# Anyone ever used UP Aqua substrate



## II Knucklez II (Oct 31, 2011)

UP Aqua substrate for aquatic plants

looking for some good substrate for my 180g planted Discus tank and this has good reviews on amazon and cheap. 

I usually get Mr. aqua substrate, which I use and its great but cant find any right now.


----------



## rnaodm (Jun 9, 2012)

Can you find Black Diamond Blasting Sand? Its marketed for Sand blasters but looks great in tanks and plants do just fine in it.

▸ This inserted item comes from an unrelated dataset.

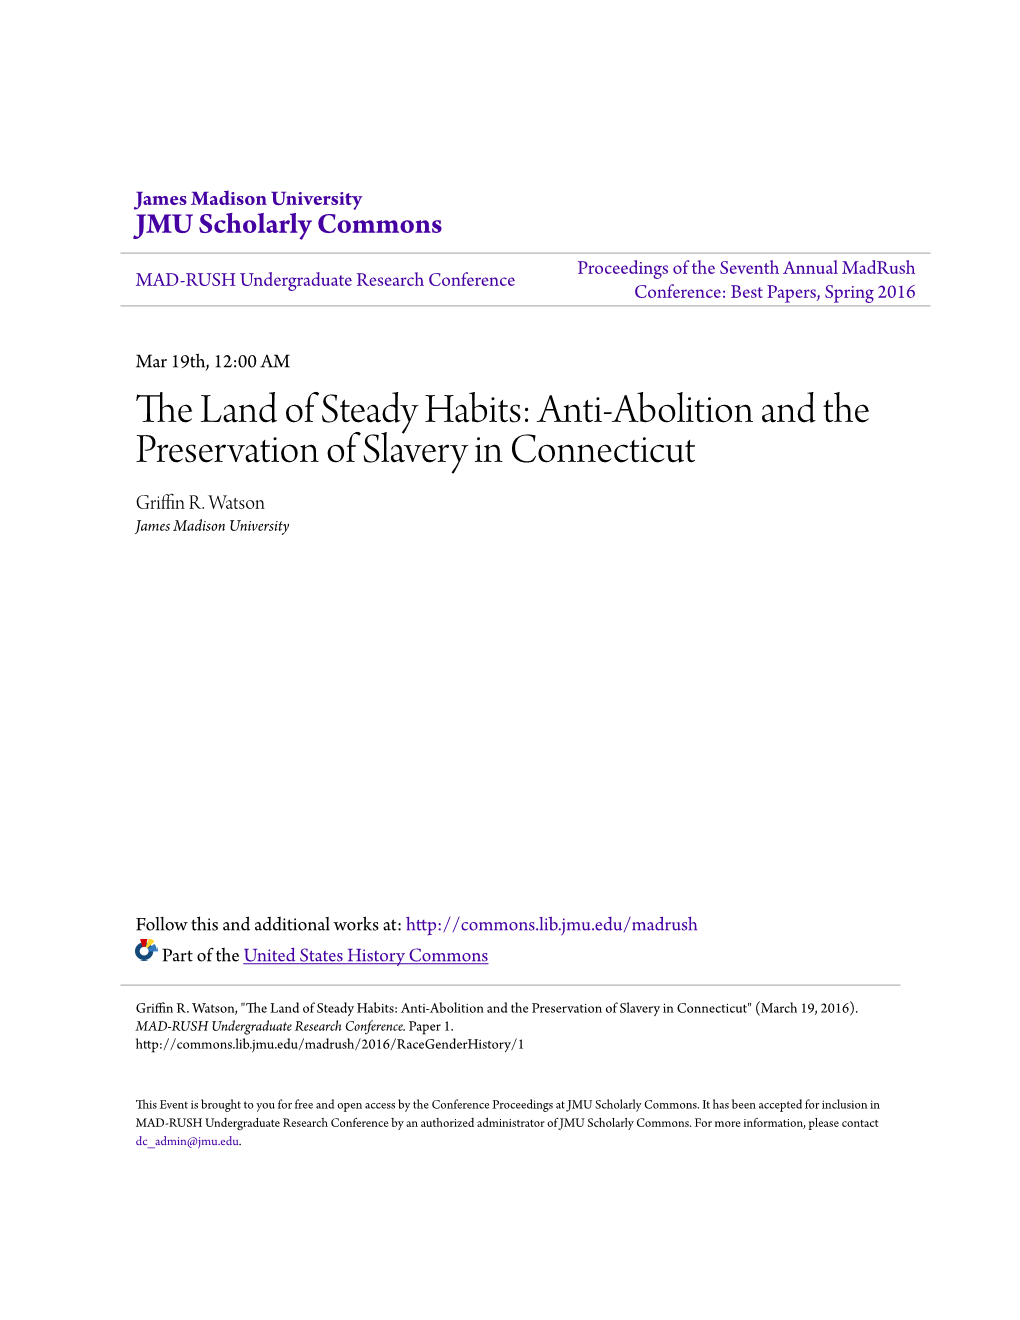 Anti-Abolition and the Preservation of Slavery in Connecticut Griffin R

Black Diamond Fine Blasting Abrasives - For Life Out Here
Has a store locator


----------



## II Knucklez II (Oct 31, 2011)

rnaodm said:


> Can you find Black Diamond Blasting Sand? Its marketed for Sand blasters but looks great in tanks and plants do just fine in it.
> 
> Black Diamond Fine Blasting Abrasives - For Life Out Here
> Has a store locator


I'll look in to that. thanks.

any one?


----------



## SomethingFishy16 (Apr 1, 2016)

I have seen it in my LFS. They use it in their tanks but other then that I don't know much about it. I prefer the ADA aquasoil mixed with Eco-Complete. (i.e eco-complete on bottom ADA on top)


----------